Required work
With pictures left out, output exactly the lines of the listing below from the line that has "Geochemical characteristics and" to the line that has "trop Stock Photo", both lines kept.

Information shown
================
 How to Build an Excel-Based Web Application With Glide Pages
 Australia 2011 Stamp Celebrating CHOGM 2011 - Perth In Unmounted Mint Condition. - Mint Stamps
================
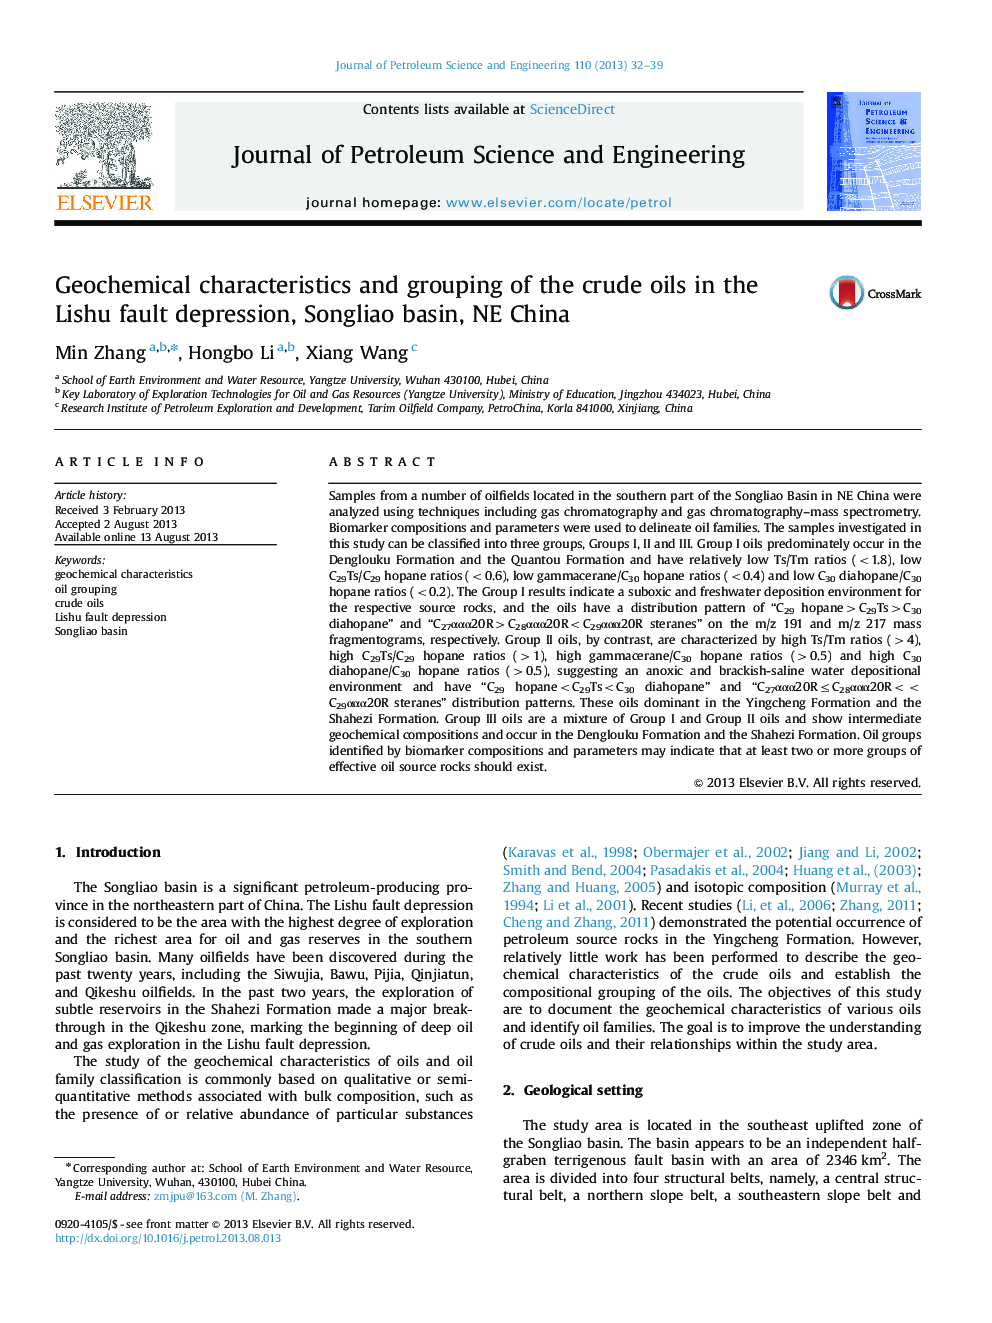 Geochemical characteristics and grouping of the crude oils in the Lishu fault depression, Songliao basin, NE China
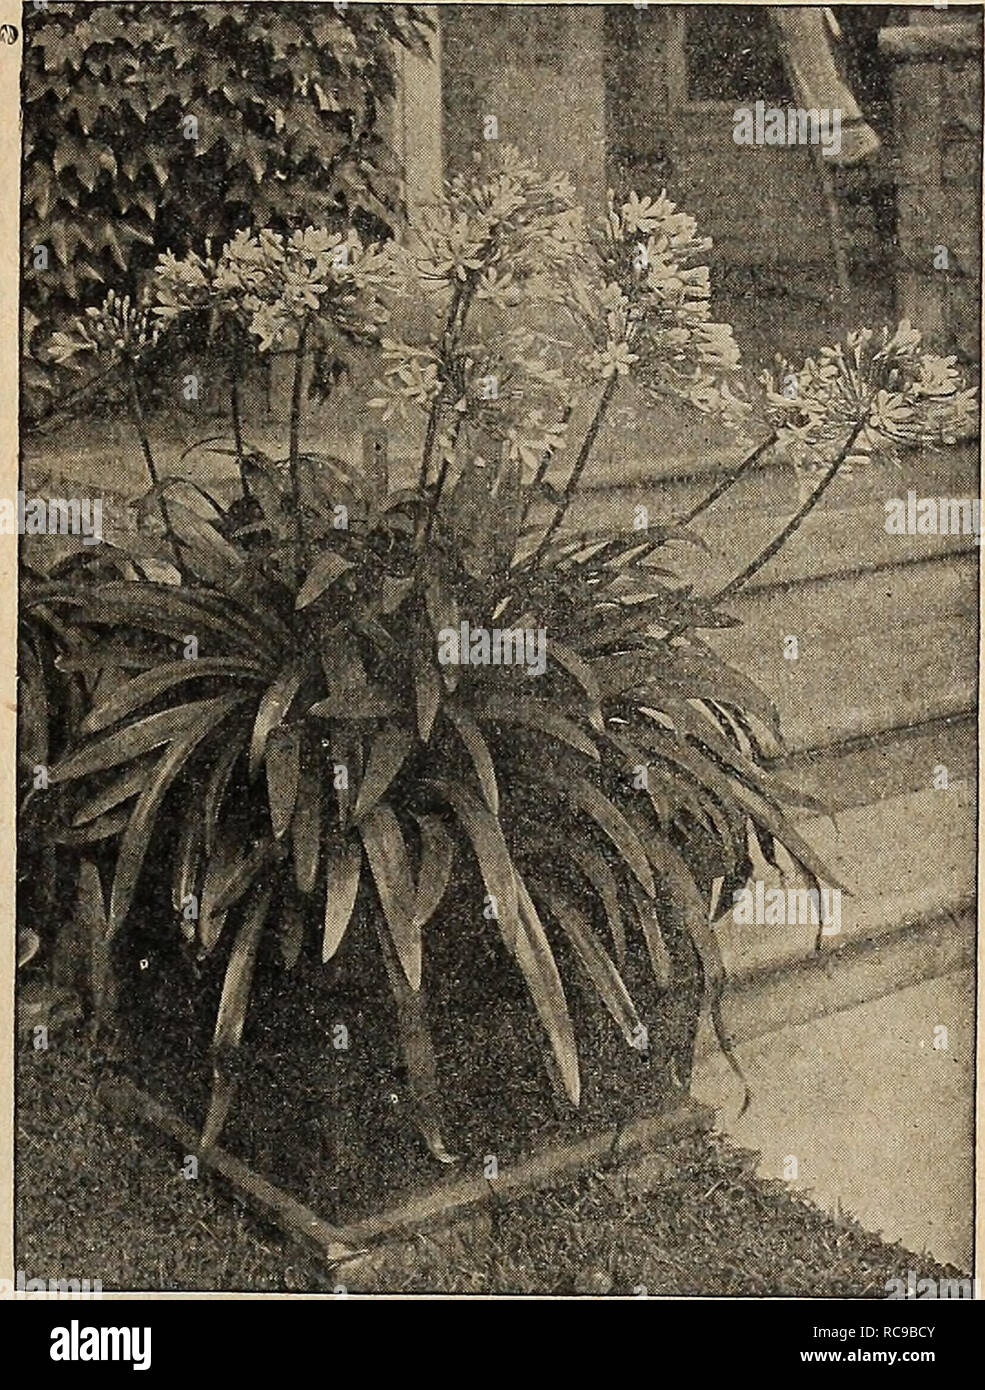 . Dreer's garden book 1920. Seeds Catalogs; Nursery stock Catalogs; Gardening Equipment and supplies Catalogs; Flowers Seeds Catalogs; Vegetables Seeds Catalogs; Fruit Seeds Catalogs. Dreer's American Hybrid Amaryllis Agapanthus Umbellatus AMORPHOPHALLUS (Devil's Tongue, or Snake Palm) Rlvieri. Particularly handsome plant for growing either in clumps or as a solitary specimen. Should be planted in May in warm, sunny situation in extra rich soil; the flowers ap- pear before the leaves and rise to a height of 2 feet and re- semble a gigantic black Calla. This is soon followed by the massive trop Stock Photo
================
Expected answer
 Geochemical characteristics and grouping of the crude oils in the Lishu fault depression, Songliao basin, NE China
 . Dreer's garden book 1920. Seeds Catalogs; Nursery stock Catalogs; Gardening Equipment and supplies Catalogs; Flowers Seeds Catalogs; Vegetables Seeds Catalogs; Fruit Seeds Catalogs. Dreer's American Hybrid Amaryllis Agapanthus Umbellatus AMORPHOPHALLUS (Devil's Tongue, or Snake Palm) Rlvieri. Particularly handsome plant for growing either in clumps or as a solitary specimen. Should be planted in May in warm, sunny situation in extra rich soil; the flowers ap- pear before the leaves and rise to a height of 2 feet and re- semble a gigantic black Calla. This is soon followed by the massive trop Stock Photo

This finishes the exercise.